- The paper demonstrates that inducing verifiable programmatic skills significantly improves agent performance, with up to 23.5% higher success rates over static approaches.
- The ASI method leverages executable program representations to ensure skill correctness and composability, enabling efficient adaptation across diverse web tasks.
- Experimental results on the WebArena benchmark validate ASI’s effectiveness in reducing task steps, supporting scaled-up activities, and generalizing across websites.

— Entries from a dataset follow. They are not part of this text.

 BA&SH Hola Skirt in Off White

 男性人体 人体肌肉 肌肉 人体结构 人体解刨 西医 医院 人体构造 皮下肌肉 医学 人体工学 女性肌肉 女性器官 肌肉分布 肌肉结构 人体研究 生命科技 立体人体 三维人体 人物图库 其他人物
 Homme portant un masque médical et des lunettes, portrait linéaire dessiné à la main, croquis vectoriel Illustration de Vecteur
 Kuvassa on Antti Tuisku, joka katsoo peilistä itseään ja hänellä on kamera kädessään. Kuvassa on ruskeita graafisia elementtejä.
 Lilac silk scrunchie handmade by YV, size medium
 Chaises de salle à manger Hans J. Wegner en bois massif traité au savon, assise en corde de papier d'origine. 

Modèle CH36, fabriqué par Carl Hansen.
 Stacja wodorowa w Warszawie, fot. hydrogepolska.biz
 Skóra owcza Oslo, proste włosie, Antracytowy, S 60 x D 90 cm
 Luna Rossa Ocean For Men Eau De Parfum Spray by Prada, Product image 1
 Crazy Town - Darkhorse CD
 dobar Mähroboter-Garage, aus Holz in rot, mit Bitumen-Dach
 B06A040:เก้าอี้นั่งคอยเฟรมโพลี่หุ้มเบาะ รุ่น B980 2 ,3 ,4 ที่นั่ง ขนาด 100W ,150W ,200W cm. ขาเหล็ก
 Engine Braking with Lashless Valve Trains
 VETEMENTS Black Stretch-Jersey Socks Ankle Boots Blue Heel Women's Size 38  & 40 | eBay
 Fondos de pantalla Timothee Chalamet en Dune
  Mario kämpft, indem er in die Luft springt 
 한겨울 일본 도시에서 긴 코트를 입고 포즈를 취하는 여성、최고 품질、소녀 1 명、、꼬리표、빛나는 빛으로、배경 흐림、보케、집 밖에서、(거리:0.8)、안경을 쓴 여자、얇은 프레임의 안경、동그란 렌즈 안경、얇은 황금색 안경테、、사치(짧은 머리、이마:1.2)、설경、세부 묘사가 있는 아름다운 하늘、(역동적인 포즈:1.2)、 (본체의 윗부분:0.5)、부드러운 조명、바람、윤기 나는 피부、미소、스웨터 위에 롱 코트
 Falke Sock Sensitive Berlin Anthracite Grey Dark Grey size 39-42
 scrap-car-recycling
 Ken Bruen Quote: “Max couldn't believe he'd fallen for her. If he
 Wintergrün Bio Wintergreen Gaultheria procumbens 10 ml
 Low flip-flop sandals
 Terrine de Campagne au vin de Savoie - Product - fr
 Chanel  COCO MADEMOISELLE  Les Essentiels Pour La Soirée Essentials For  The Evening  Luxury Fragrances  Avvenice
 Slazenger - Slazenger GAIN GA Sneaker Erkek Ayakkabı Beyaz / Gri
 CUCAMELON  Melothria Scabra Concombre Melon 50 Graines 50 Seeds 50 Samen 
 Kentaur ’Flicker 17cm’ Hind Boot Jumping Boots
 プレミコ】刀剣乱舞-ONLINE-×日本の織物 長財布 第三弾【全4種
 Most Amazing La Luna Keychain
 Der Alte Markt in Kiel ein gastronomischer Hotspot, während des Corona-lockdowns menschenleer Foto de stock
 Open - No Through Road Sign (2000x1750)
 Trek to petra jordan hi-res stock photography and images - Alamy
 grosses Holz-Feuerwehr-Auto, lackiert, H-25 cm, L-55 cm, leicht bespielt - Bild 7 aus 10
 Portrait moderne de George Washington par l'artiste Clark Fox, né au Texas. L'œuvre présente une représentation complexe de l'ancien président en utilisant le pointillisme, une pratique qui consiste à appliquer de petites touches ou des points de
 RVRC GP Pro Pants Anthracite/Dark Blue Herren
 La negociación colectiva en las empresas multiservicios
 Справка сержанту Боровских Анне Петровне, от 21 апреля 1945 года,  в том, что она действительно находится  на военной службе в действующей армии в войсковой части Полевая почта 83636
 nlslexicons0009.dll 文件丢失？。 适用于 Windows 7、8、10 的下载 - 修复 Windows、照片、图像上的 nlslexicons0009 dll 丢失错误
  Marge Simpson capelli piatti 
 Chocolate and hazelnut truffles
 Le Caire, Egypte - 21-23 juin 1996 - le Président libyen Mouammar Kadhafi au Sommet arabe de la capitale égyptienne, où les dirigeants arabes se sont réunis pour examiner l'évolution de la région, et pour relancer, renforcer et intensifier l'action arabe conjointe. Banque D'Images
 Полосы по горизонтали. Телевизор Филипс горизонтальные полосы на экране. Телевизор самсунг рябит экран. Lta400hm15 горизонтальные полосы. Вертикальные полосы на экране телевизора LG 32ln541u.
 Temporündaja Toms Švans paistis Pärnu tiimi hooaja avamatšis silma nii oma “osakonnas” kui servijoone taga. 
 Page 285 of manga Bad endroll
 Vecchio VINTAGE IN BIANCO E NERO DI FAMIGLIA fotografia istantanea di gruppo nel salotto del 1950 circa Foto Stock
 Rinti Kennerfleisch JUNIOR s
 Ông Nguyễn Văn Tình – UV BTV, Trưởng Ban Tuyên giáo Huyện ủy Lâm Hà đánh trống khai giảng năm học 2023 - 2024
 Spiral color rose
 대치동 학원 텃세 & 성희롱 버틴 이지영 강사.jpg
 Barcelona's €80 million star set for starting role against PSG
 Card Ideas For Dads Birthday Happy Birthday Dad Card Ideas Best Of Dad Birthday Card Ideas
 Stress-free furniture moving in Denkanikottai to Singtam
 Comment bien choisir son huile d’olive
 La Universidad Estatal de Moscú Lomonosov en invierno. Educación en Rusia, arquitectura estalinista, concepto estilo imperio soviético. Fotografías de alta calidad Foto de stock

Inducing Programmatic Skills for Agentic Tasks
This paper addresses the challenge of enabling agents to perform specialized digital tasks, such as web navigation, by inducing programmatic skills that adapt to various environments. The proposed method, Agent Skill Induction (ASI), demonstrates improved success rates and efficiency compared to existing approaches, particularly by utilizing executable programs as skill representations.
Overview of ASI
ASI serves as a dynamic mechanism for agents to learn and apply skills during web task interactions. These skills are represented as executable programs, allowing for verification during the induction phase. ASI's programmatic approach provides significant advantages over text-based skill representations by ensuring skill correctness and composability, contributing to a 23.5% and 11.3% improvement in success rate over static and text-skill agents, respectively.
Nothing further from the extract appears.